- [Stored data]

────────

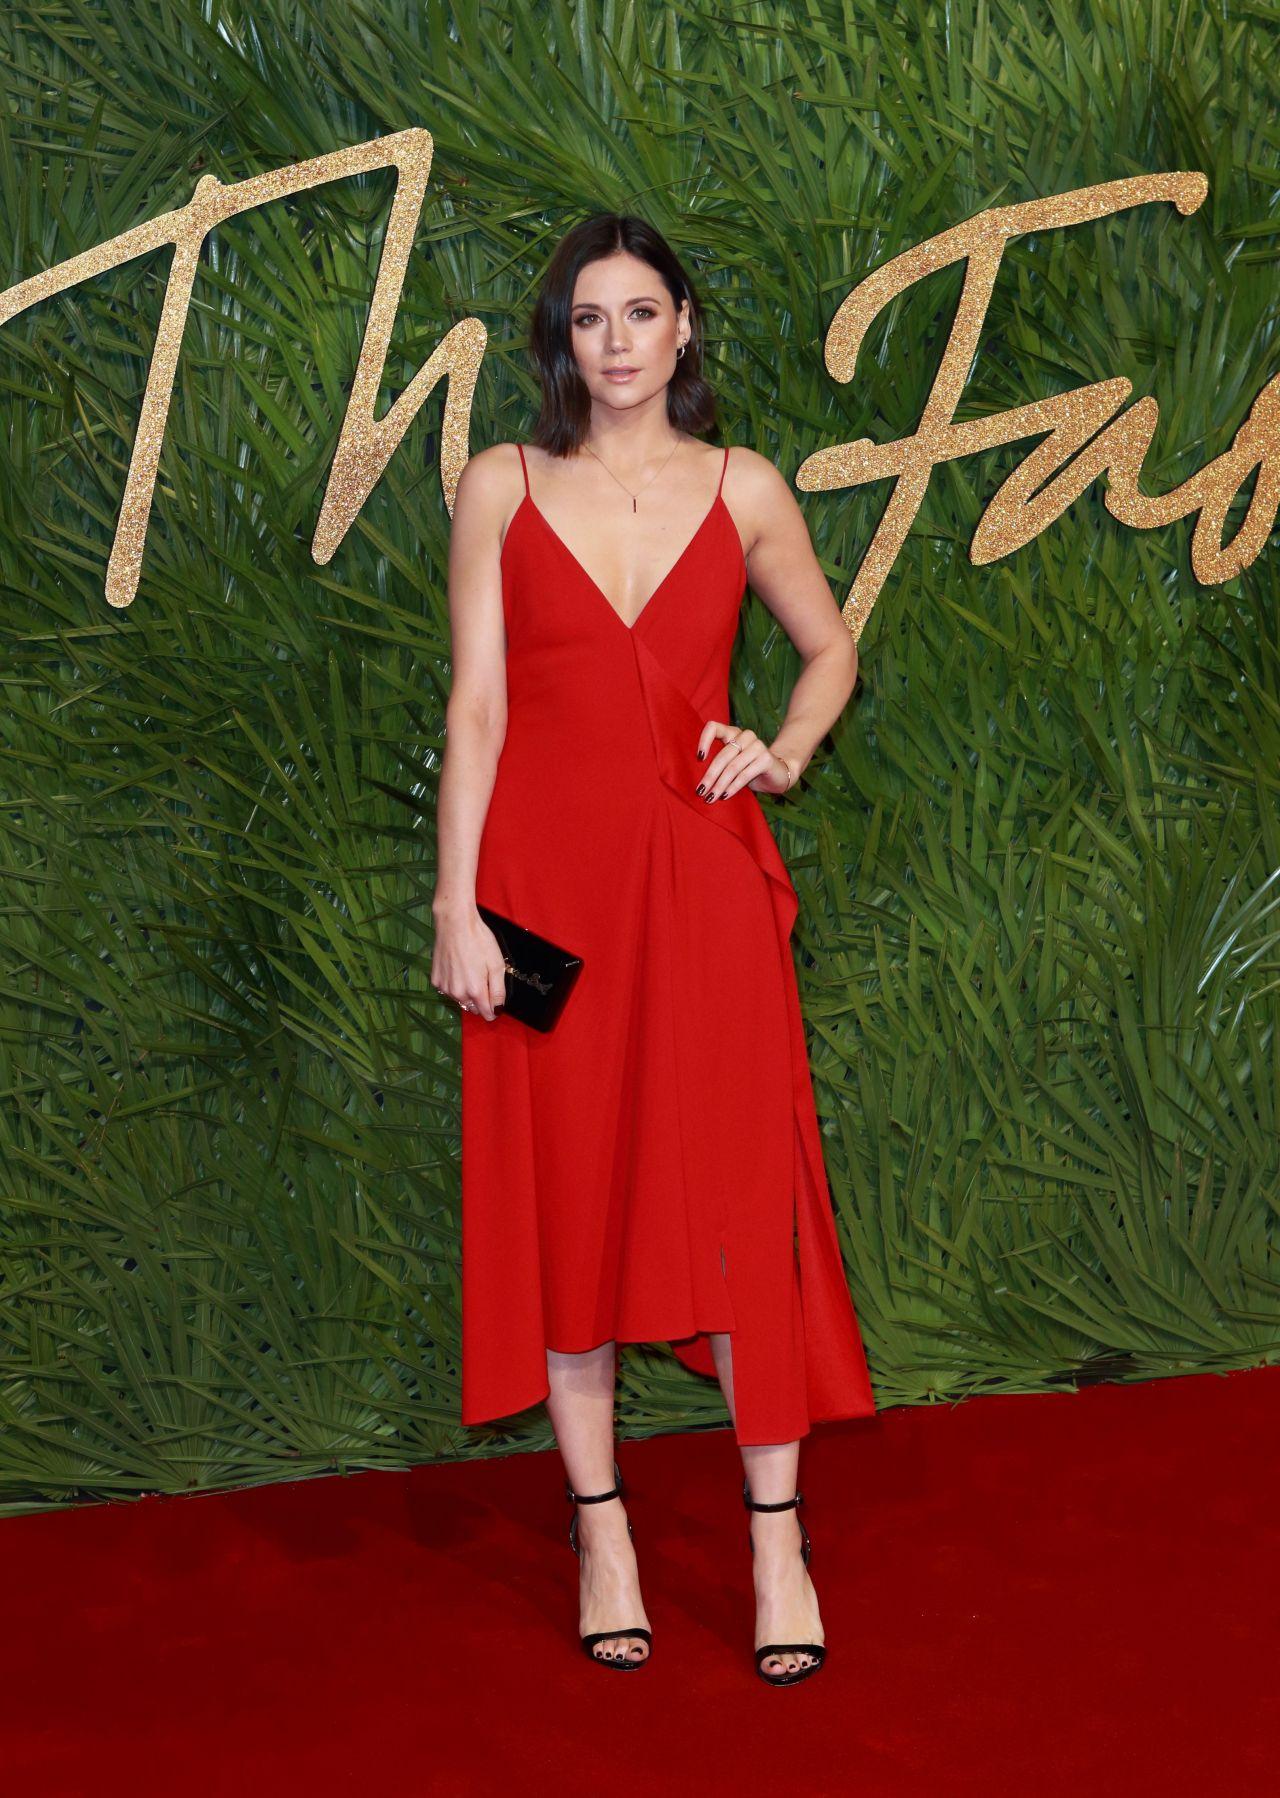 Fashion Awards 2017 In London
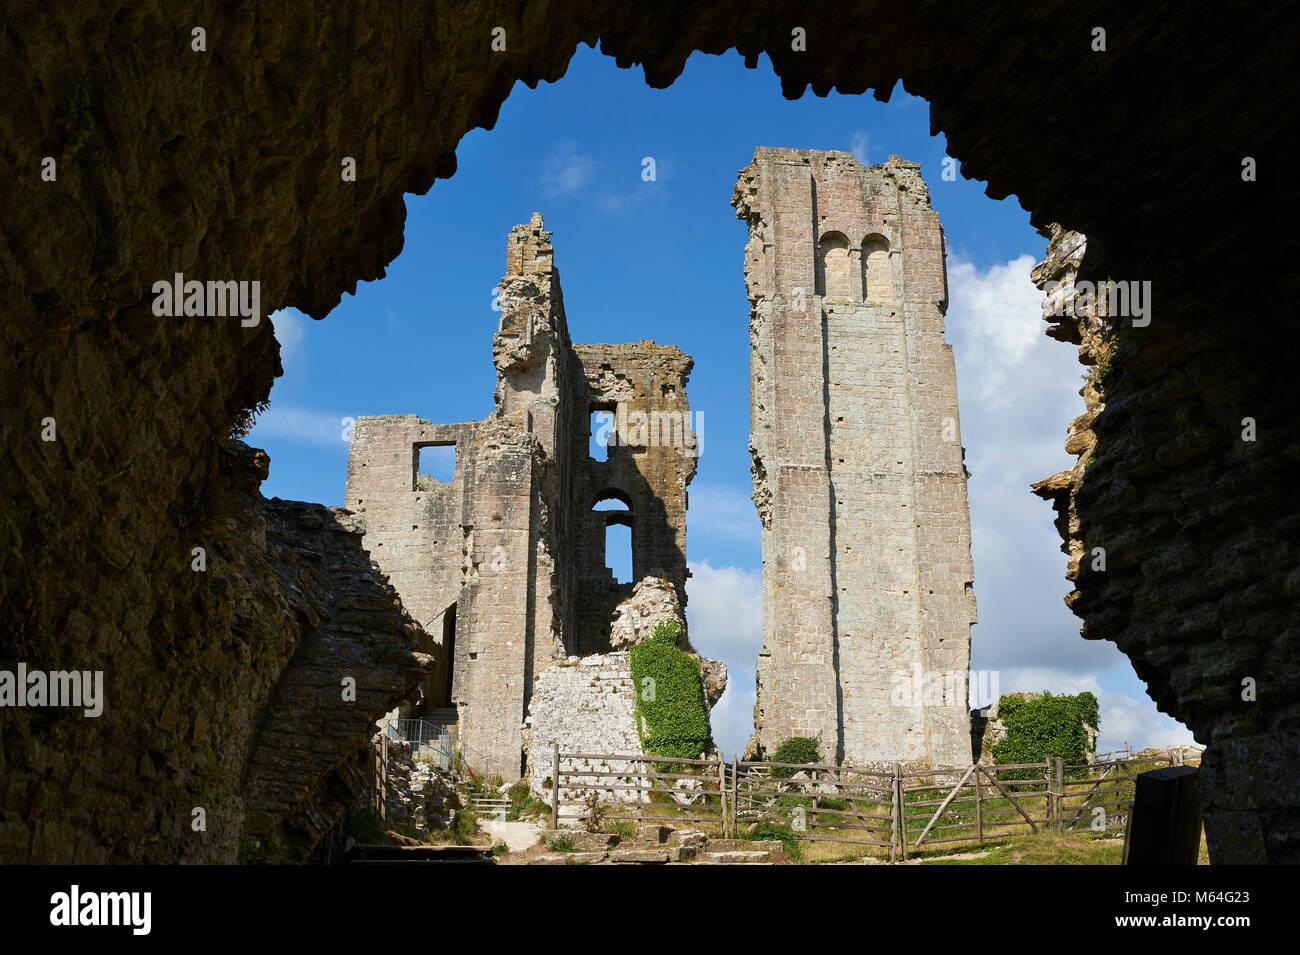 Château de Corfe médiévale garder jusqu'cloase, construit en 1086 par Guillaume le Conquérant, Photo Stock
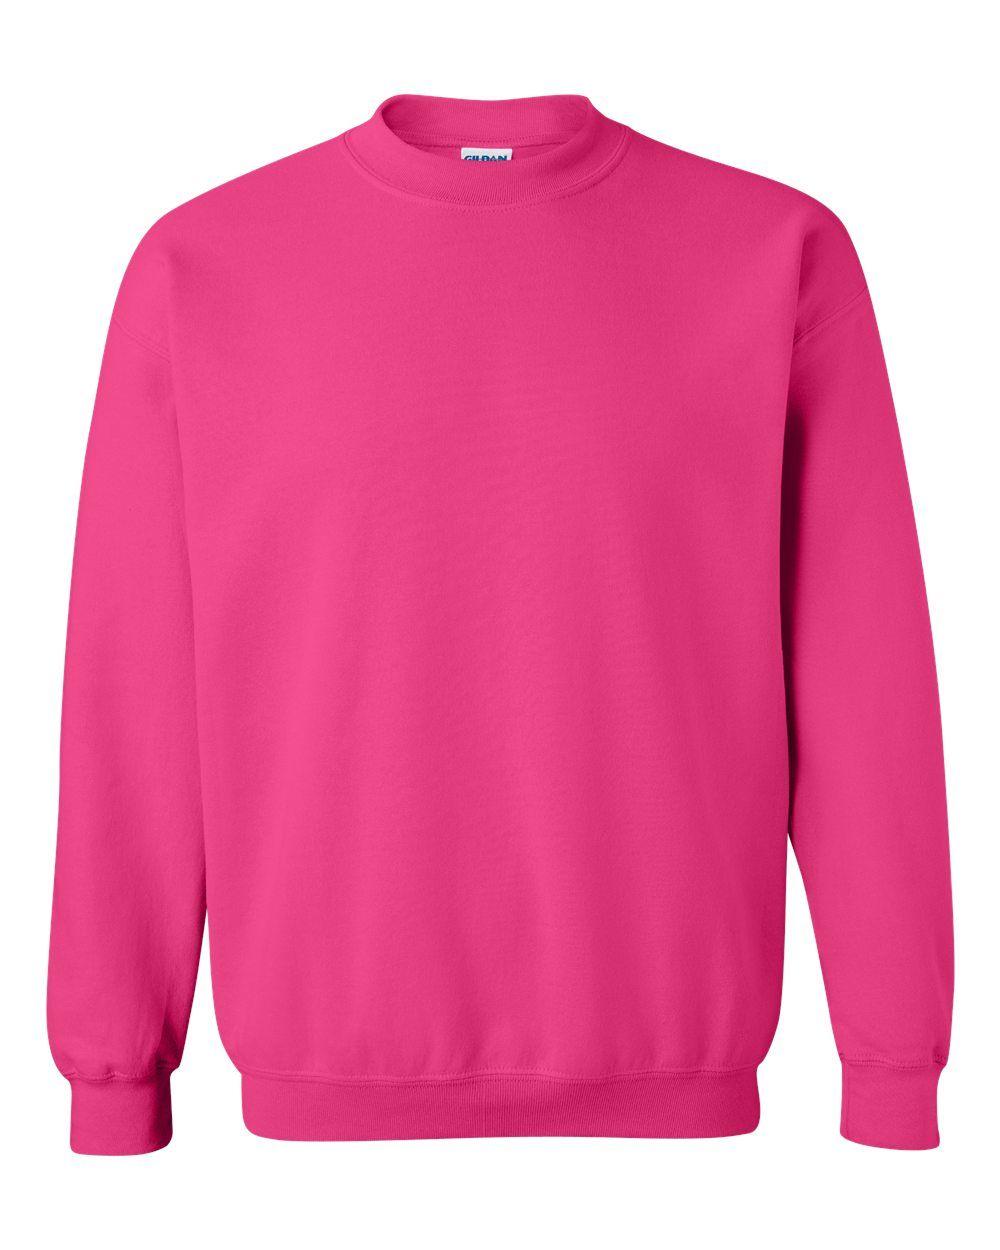 Gildan Heavy Blend Crewneck Sweatshirt 18000 Heliconia X Large Gildan Sweatshirts Sweatshirts Crew Neck Sweatshirt [ 1250 x 1000 Pixel ]
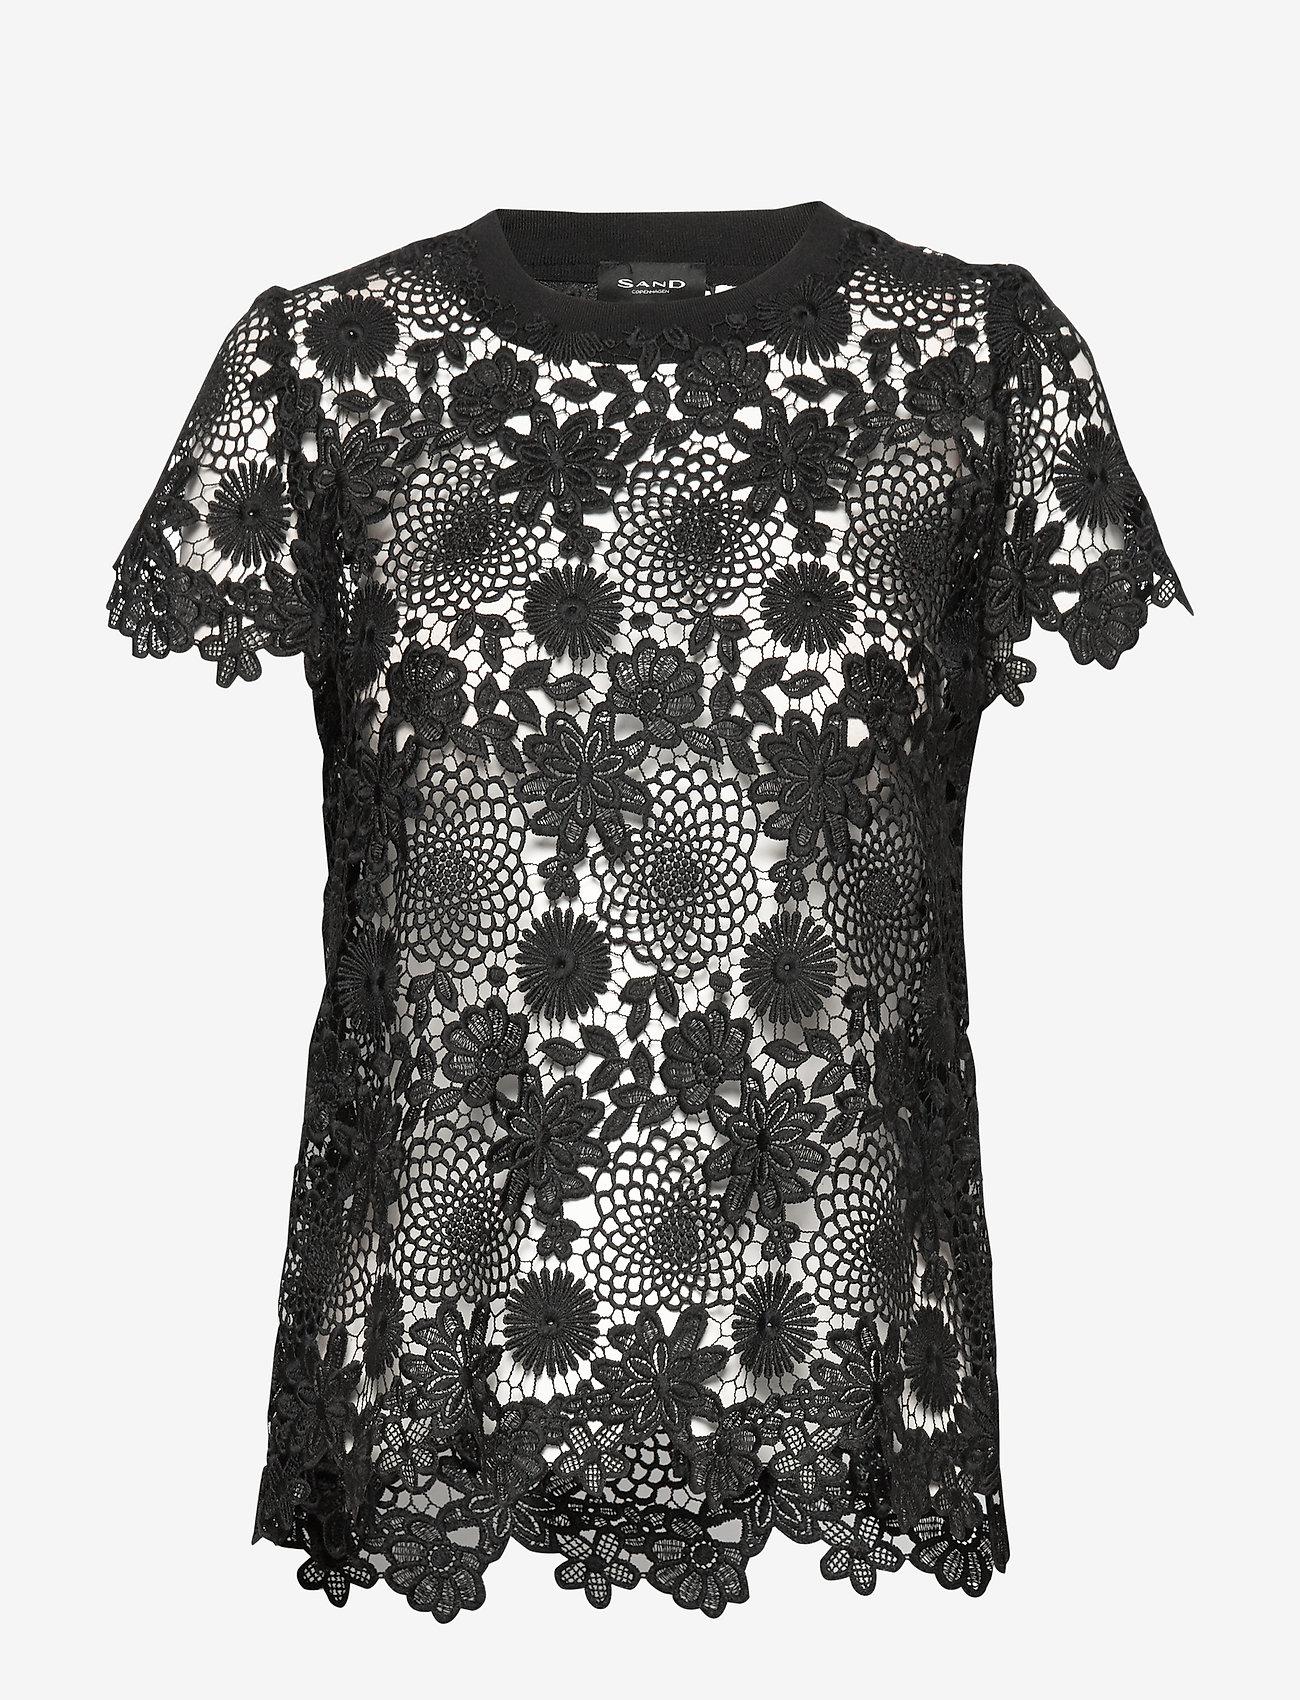 SAND - 3168 - Kaya - t-shirts - black - 0

────────

Nothing but the pictures should be left out when the material above is copied.

- [Solved exercise]
 Fashion Awards 2017 In London
 Château de Corfe médiévale garder jusqu'cloase, construit en 1086 par Guillaume le Conquérant, Photo Stock
 Gildan Heavy Blend Crewneck Sweatshirt 18000 Heliconia X Large Gildan Sweatshirts Sweatshirts Crew Neck Sweatshirt [ 1250 x 1000 Pixel ]
 SAND - 3168 - Kaya - t-shirts - black - 0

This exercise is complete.